In comparison, America has actually stopped billions of dollars of merchandise at its border. It is not as though our markets are all that different. We buy many goods. Many companies are buying goods, such as T-shirts, socks and a lot of goods made of cotton.
In Xinjiang, cotton happens to be one of the major products that is made with slave labour. Companies have to ensure that they have an ethical supply chain, but it is incumbent upon the government to ensure that the CBSA is directed to catch these products at the border. It is impossible that it is at zero dollars.
The fact that we received that answer to an Order Paper question proves that the government is not doing enough. I am hoping that after Bill S-8 gets a fulsome debate here, in committee, at third reading and at the report stage, members will get the satisfaction of knowing that the government is actually going to follow through and enforce it.

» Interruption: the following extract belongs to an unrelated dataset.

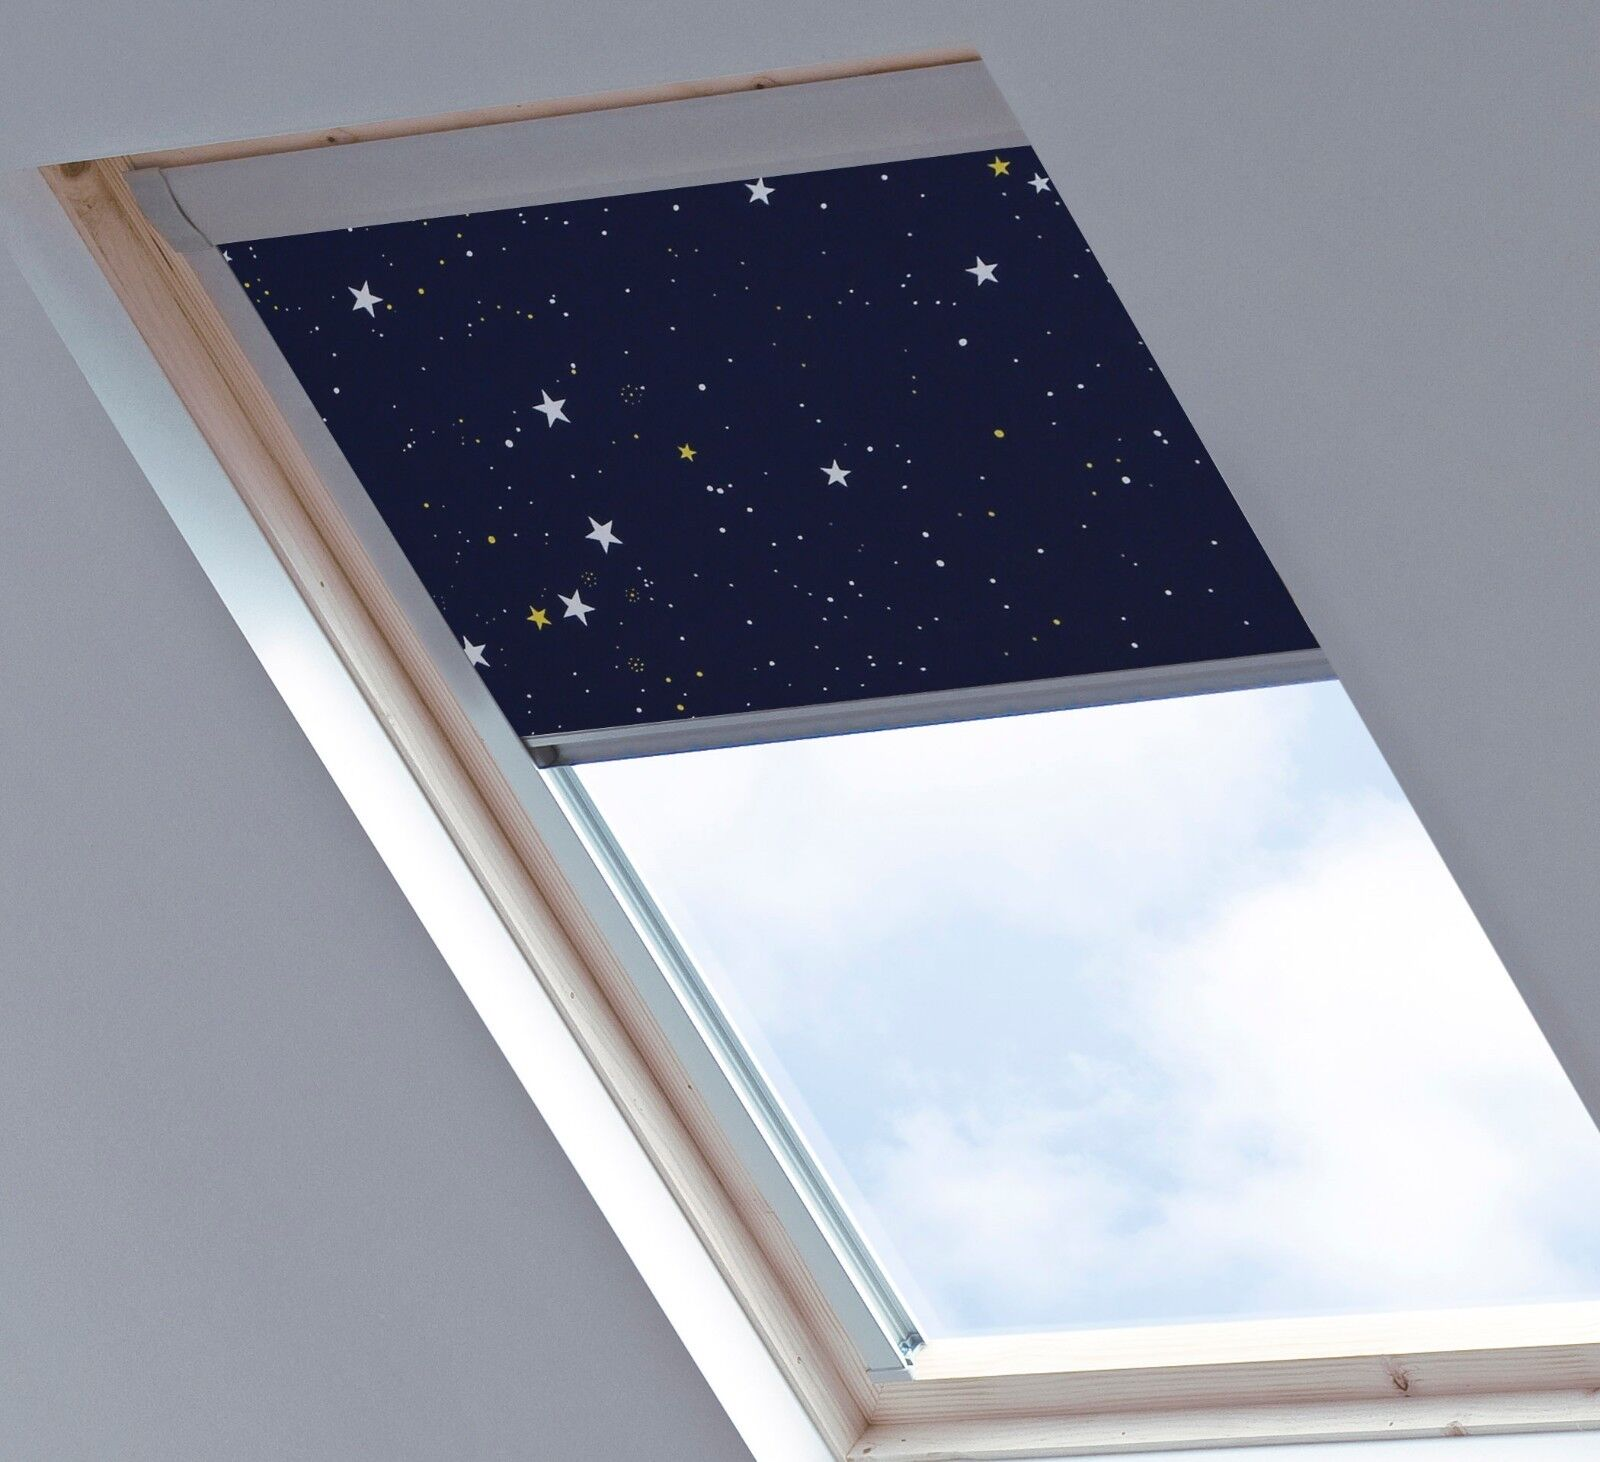 Estrellas En Azul Marino negroout Skylight Persianas-tamaños para Velux, fakro, rooflite   dakstra

Lastly, on the Russian Federation, as I rose before to mention, we do not have the strongest sanctions in the world. Again, we have piecemeal sanctions of different bits of the regime.
I have a Yiddish proverb, and it will come at the very end.
We have sanctioned different parts of the Russian regime. In Bill S-8, there are references to the justice for Sergei Magnitsky act. It is a piece of legislation that I worked on at the Standing Committee on Foreign Affairs when we were debating it at the time.
For those who do not know, Sergei Magnitsky was Bill Browder's lawyer in Russia. He uncovered a $200-million-plus case of tax fraud being committed.
He was a fervent lawyer trying to get to the truth. For his trouble, he was arrested by the Russian regime. He was kept in confinement. He was beaten, tortured and murdered for the simple act of following up on tax law and making sure that the Russian taxpayer was getting their due.
The highly corrupt regime run by President Putin and oligarchs in Russia cannot be trusted. They have now moved to a hot war. The started the war in 2014 but moved to a hot war last year. The piecemeal approach of sanctioning different parts of the regime has not worked. There are many European countries that have much stronger sanctions than we do.
I gave the example of the Republic of Poland before. It has banned not only all coal imports but also the spread of Russian propaganda. It has prevented Russia Today from broadcasting and done many other things.
Many eastern European countries have a much longer history of trying to resist what many of them will call their centuries-long oppressor. This is why many of them joined NATO after the Warsaw Pact fell apart.
I have a Yiddish proverb, because I made myself a note to mention this: “If you want to make God laugh, tell him about your plans.” Yiddish is wonderful because it always tries to say something in a positive way but actually means something kind of insulting.
In this particular case, months from now, we will be moving on to other government legislation. I am convinced that the government caucus will be accusing the Conservatives of holding up pieces of legislation because we want to debate things and bring forward issues and individual cases that we think are worth listening to in this chamber. We will be told that legislation needs to be rushed because it needs to be passed.
I will think back to this moment when we debated Bill S-8, when we were debating legislation that many of us agreed with.
It is the government House leader's job to schedule Government Orders and to make sure that the priorities of the government are passed. I note that this legislation started in the Senate instead of the House; so much for a House of sober second thought when we are the ones looking at government legislation from the Senate.